[Libre-soc-bugs] [Bug 713] PartitionedSignal enhancement to add partition-context-aware lengths

bugzilla-daemon at libre-soc.org bugzilla-daemon at libre-soc.org
Thu Oct 14 22:05:24 BST 2021


--- Comment #115 from Jacob Lifshay <programmerjake at gmail.com> ---
(In reply to Luke Kenneth Casson Leighton from comment #110)
> (In reply to Jacob Lifshay from comment #87)
> > And I agree with her there, nmigen has always been scalar,
> not being funny:
> stating that you agree with whitequark is actually very dangerous
> for the project.  it will be used as ammunition to sabotage what we are
> doing.
> > where each Value
> > is a single value, not a list of values. Basically everybody expects
> > nmigen's Value to be a scalar. If you insist on rewriting nmigen to change
> > that fundamental assumption, you'll end up with a different language, 
> no, false.  did we design totally new Power ISA Scalar v3.0B because of
> SVP64?

nope, but SVP64 instructions *are* encoded differently (they have a svp64
prefix), which is just like the renaming i'm advocating for. By renaming, that
could be something like:
from simd_nmigen import Signal, Module, Value, Shape
> this is the exact same thing.
> the entirety of the nmigen language *becomes* vectorised...
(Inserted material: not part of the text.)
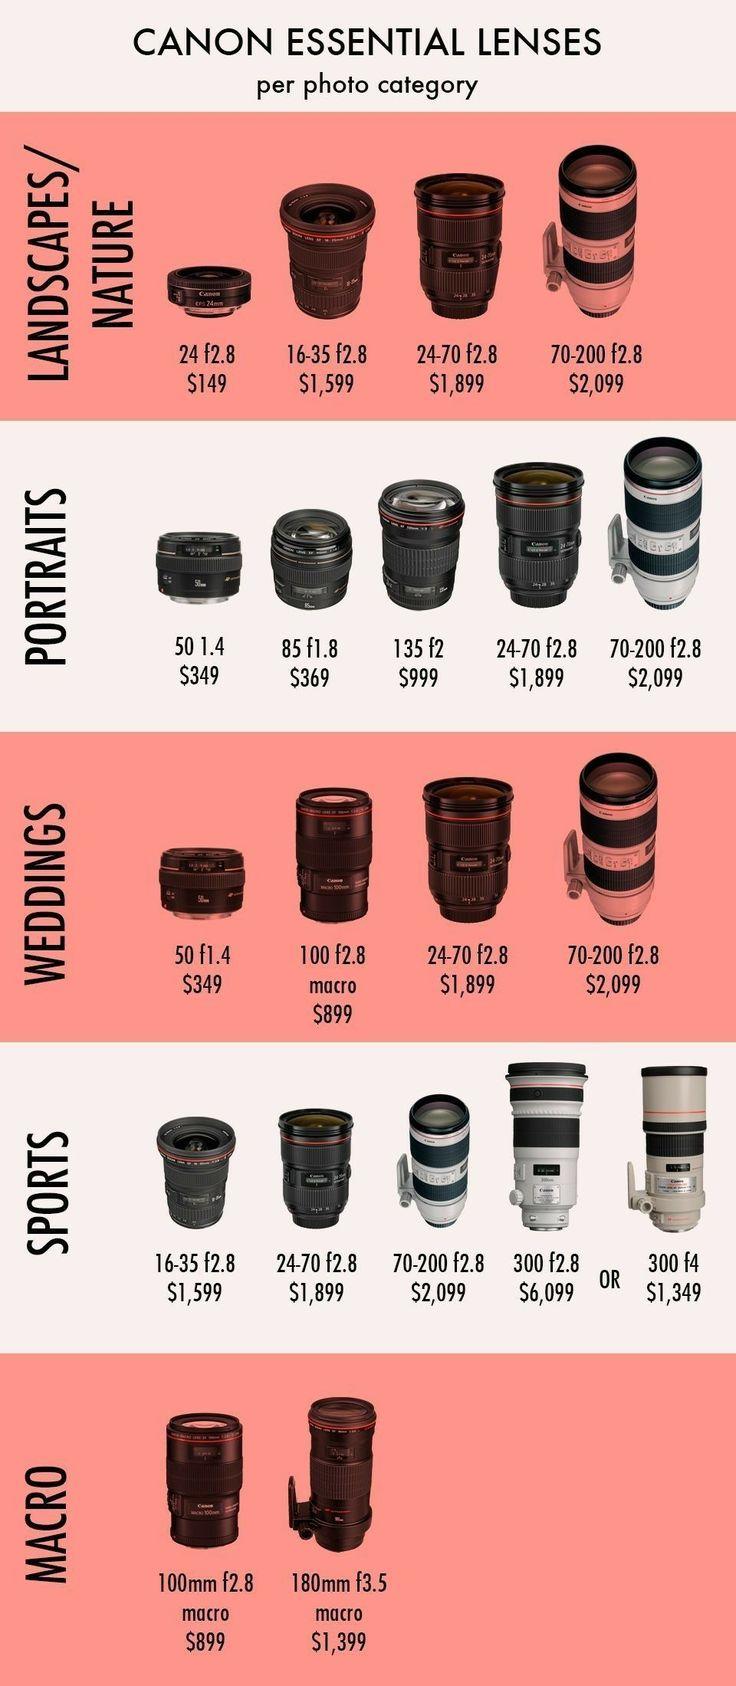 Best Photographic Lenses for Each Specialty #photography101 #lens #cameralenses #photography #cameraequipment #cameraequipmentorganization

This only works if *every* property of our new types that nmigen inspects
(including Shape.width and Signal's inputs being `Shape.cast`ed) behaves
exactly like how nmigen expects, which isn't the case currently since you
picked Shape.width to be full-simd-width instead of element width, among other

> > Well, I'm saying your 90% of the way there, but the last 10% of abstraction
> > is the harder part...
> it's actually been pretty easy, just a hell of a lot of work (and to
> be honest i am annoyed that, again, you haven't helped with Cat, Repl,
> Part, or any of the recent additions, which i asked you to help with)
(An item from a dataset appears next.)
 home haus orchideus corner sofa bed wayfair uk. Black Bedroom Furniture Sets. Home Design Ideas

well, actually, I wrote Cat and Repl implementations (in simd_signal), i think
they just got kinda ignored, or was written shortly after you wrote Cat and
Repl, icr.

> there's over THIRTY operators.  i really needed your help in implementing
> them and you have instead spent considerable time snd resources fighting
> every single step of the way to *not* help.  i do not know why.
> leaving that aside for you to think about

I'm trying to help, but part of helping is trying to get the API design correct
before we spend even more work baking an API into all our code that ends up
being changed because it didn't actually work as originally designed...
> there are two REALLY complex ones:
> * Array (and ArrayProxy).
> * ast.Switch aka SimdSignal.__Switch__.
> i did the analysis, under bug #458, and whoo, even just the analysis
> takes a hell of a lot of explaining.
> unfortunately because ast.Switch is the basis of m.If, m.FSM and
> m.Switch, i can't provide "full proof" until it's actually 100%
> implemented.

I said I would implement and I will...once we decide which API it'll be based
on (hence arguing in here about the API).

We're 99% of the way through deciding API.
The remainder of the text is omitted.